El Mandato del Cielo

En lugar de mirar la muerte desde el punto de vista de la vida, podríamos configurar la vida desde nuestra muerte concebida no como un fin absurdo, sino como el fruto de nuestro ser. Pues en el seno de un mundo aleatorio, lleno de imprevistos, no poseemos más que una certeza absoluta: cada uno de nosotros ha de morir algún día.

Sin embargo, ¿no tendríamos ya nada más que decir ante este absoluto? No lo creo, por la simple razón de que a causa de la vida, la muerte en modo alguno nos parece un hecho absoluto. En realidad, si la vida no existiera, no habría muerte. Siendo esta el cese de un determinado estado de vida, su «absoluto» no podría haber surgido de ella misma: no ha podido imponerse más que por otro aún más absoluto, aquello por medio de lo cual la vida ha acontecido.
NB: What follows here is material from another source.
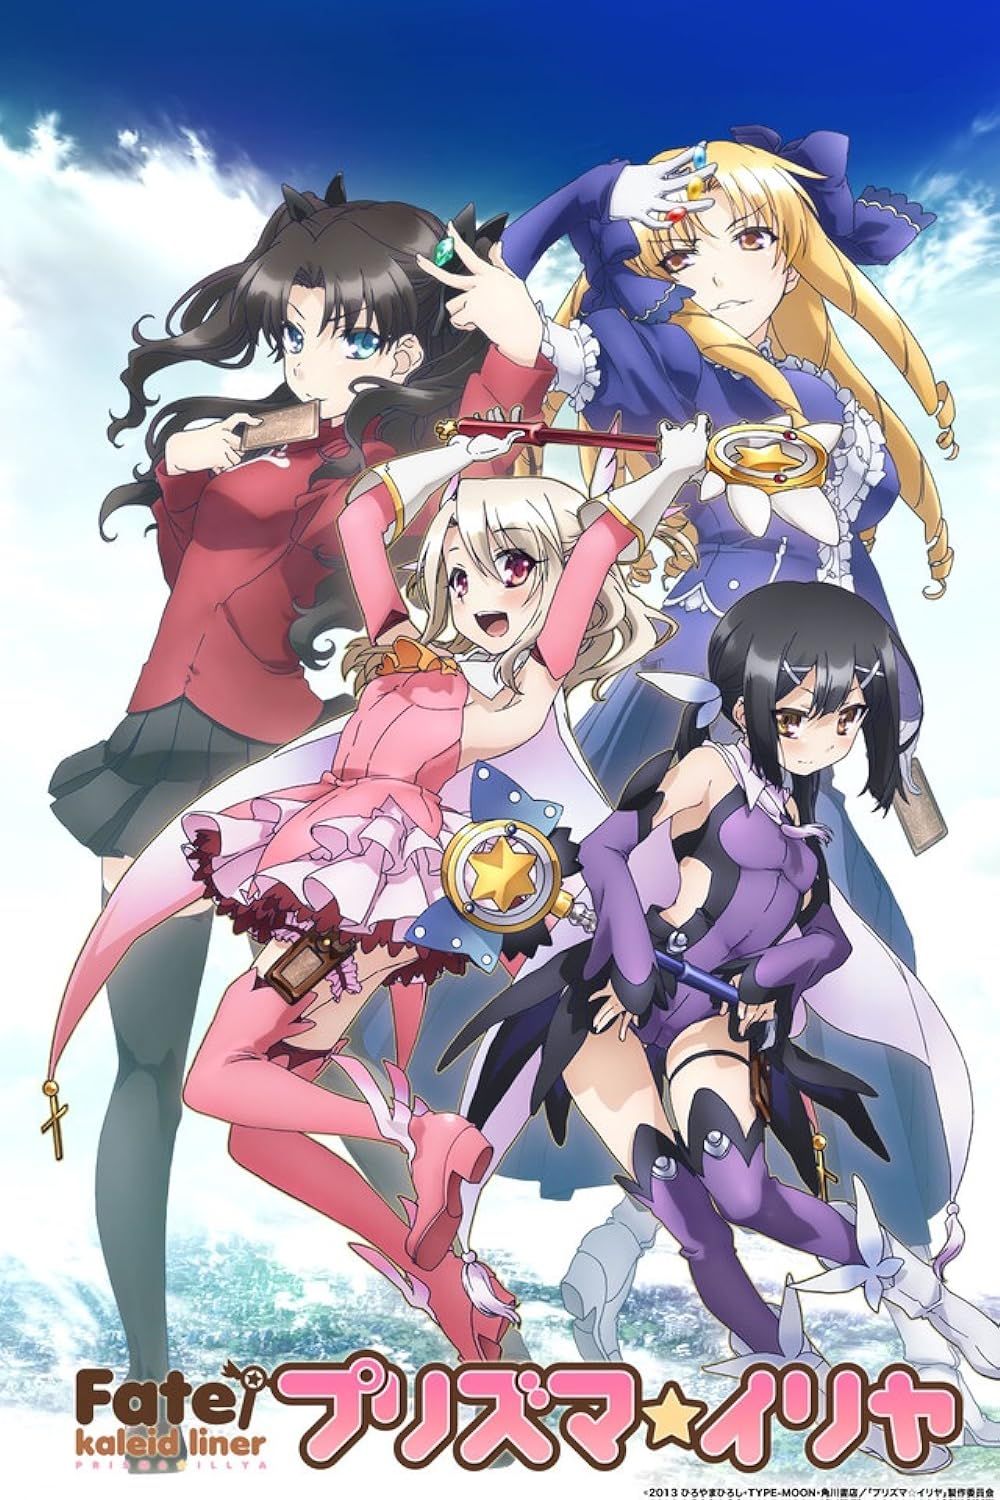 Fate:kaleid liner Prisma Illya (2013) anime series poster
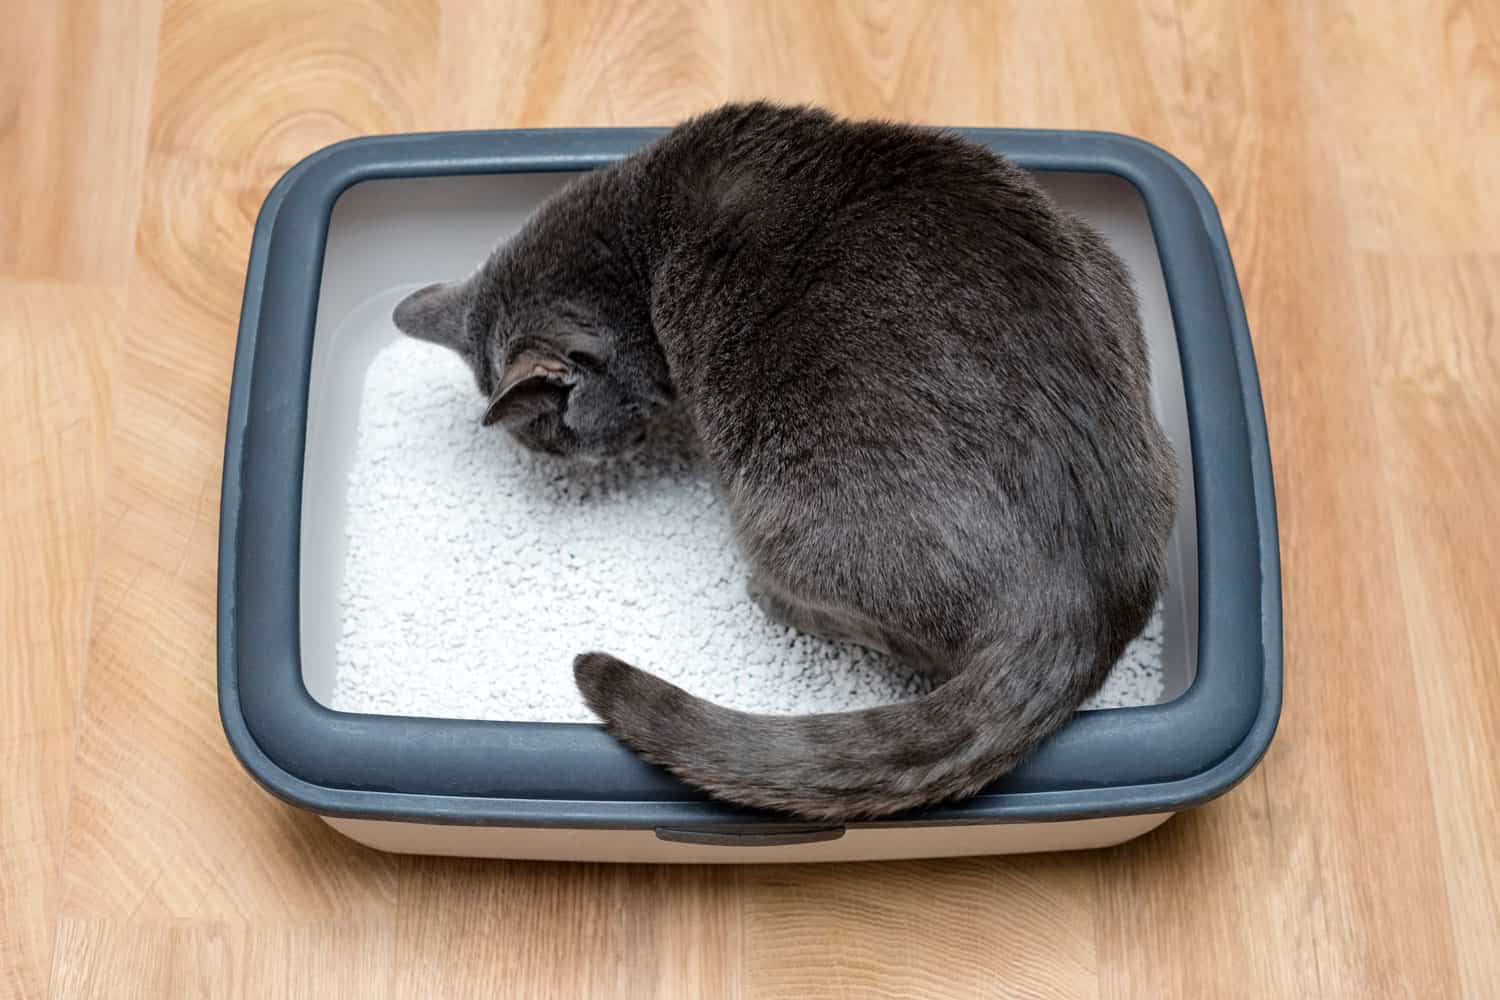 A British shorthair cat preparing to poop in his cat litter

Ese Origen impuso la muerte como una de sus propias leyes y, por ello mismo, la propia muerte se convirtió en una de las pruebas de lo absoluto de la vida. No podemos pensar la vida sin pensar la muerte, como tampoco podemos pensar la muerte sin pensar la vida. Pero en este binomio indivisible, la vida es quien tiene la preeminencia. ¿Tendrá la muerte la última palabra? Esto es improbable.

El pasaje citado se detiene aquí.